* YOUR ASSIGNMENT
The lines you return should be those containing the string "Wallpaper", taken from the data below.

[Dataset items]
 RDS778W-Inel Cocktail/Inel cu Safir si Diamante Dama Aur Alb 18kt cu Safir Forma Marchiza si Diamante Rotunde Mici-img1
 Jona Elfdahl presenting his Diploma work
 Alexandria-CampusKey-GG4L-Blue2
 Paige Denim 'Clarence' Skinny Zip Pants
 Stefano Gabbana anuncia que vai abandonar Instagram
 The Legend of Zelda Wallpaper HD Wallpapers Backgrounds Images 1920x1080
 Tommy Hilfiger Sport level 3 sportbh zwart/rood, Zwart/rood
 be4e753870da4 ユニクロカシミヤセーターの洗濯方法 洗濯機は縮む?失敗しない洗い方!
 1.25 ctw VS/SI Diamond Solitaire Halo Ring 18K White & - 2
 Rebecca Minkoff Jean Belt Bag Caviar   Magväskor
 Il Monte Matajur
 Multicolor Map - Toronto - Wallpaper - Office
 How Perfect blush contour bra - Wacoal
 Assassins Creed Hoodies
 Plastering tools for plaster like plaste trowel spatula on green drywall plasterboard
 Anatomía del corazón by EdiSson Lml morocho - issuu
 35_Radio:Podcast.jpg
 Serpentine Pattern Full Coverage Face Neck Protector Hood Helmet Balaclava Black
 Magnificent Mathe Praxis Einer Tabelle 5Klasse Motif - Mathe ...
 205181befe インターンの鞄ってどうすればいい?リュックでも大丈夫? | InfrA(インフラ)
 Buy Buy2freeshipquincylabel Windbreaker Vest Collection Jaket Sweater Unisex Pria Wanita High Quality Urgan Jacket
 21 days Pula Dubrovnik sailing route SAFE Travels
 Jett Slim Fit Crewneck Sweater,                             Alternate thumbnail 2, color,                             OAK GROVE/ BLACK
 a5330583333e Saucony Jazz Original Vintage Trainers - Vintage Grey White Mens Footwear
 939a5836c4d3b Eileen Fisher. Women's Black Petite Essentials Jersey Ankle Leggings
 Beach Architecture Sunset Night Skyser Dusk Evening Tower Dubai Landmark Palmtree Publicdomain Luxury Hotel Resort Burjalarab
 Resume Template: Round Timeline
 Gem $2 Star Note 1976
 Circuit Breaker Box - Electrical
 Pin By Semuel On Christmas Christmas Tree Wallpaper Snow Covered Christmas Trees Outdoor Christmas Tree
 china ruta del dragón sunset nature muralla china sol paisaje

* RESULT FOR THIS EXERCISE
 The Legend of Zelda Wallpaper HD Wallpapers Backgrounds Images 1920x1080
 Multicolor Map - Toronto - Wallpaper - Office
 Pin By Semuel On Christmas Christmas Tree Wallpaper Snow Covered Christmas Trees Outdoor Christmas Tree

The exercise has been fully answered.